So I shit on him and talk negatively about our situation regularly. I don’t mention all the details. Not to say that I’m wrong and he’s right or that I may not be overreacting during the time my Little Red Riding Hood friend of the month appears. But no one can know the whole truth without living in my shoes. No one can know all the details because than my blog will be non-stop like the slop you left openly in the toilet after last night’s burrito came out your ass with peppery fire and a slight tear full of promise that: “I will never eat this again!”
But then what you do?
I don’t leave much privacy for him or me. Although I don’t flat go about giving our home addresses and how you can go about meeting us for more intimate or not-so-intimate details of our Life. All in all what the card says rings true when it comes to him (despite my grudges, ongoing hatred and shoot in the foot shotgun resentment). Eight years of being with one partner (no matter how on and off) can do wonders for your sex life or take away from it (from time to time).

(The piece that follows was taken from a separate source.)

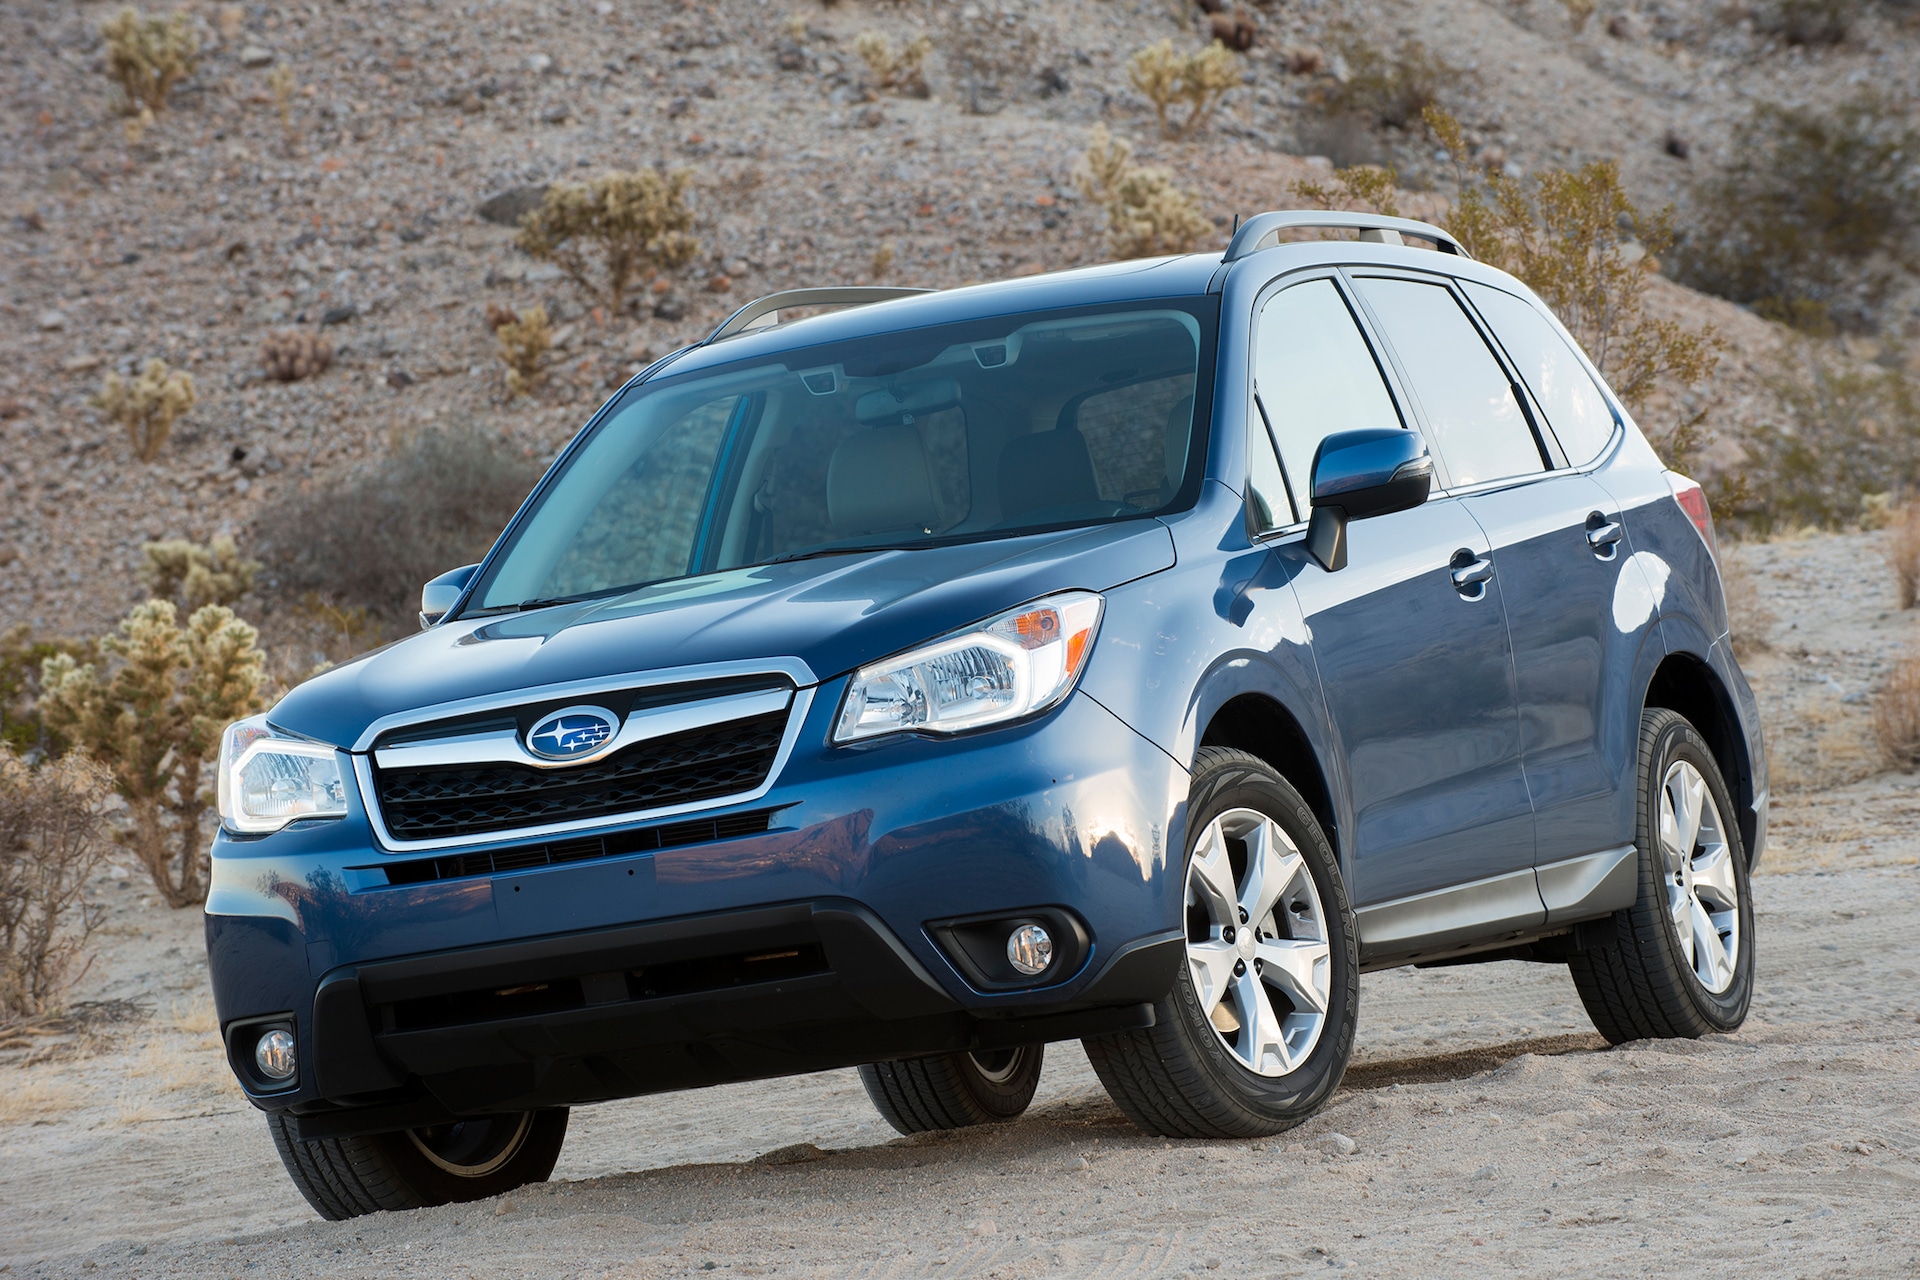 2015 Subaru Forester Priced at $23,045 With More Standard Features
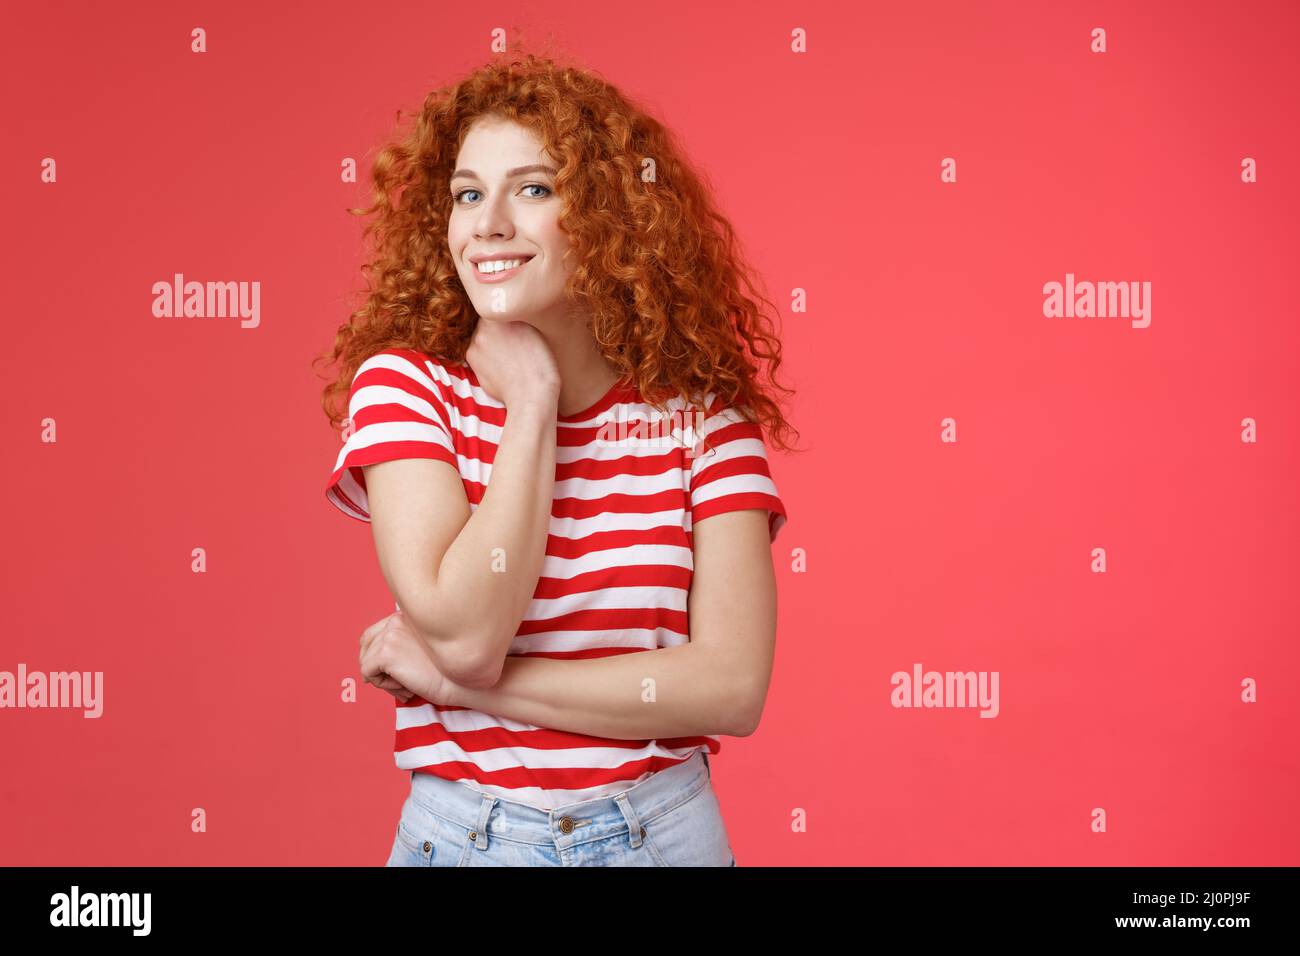 Cheerful lively cute tender redhead curly girl romantic summer mood pondering what present girlfriend happy pride month silly sm Stock Photo

There are things you never knew existed sexually. Or even what it was like making love under a moonlight, feeling closer to heaven while for the first time in your Life experience(d) what it was actually like to have Meaningful Sex with someone you adore and cherish deeply. I thought it didn’t exist! *bangs head hard on wall* There are things one wouldn’t care for BUT suddenly do! Like getting your salad tossed and getting fingered and your clitoris massaged at the same time because nothing says I love you better than multiple orgasms! Then there are things you become aware of.. like if you two depart, well, good fucking luck finding this “service and decor” you had in your new partner.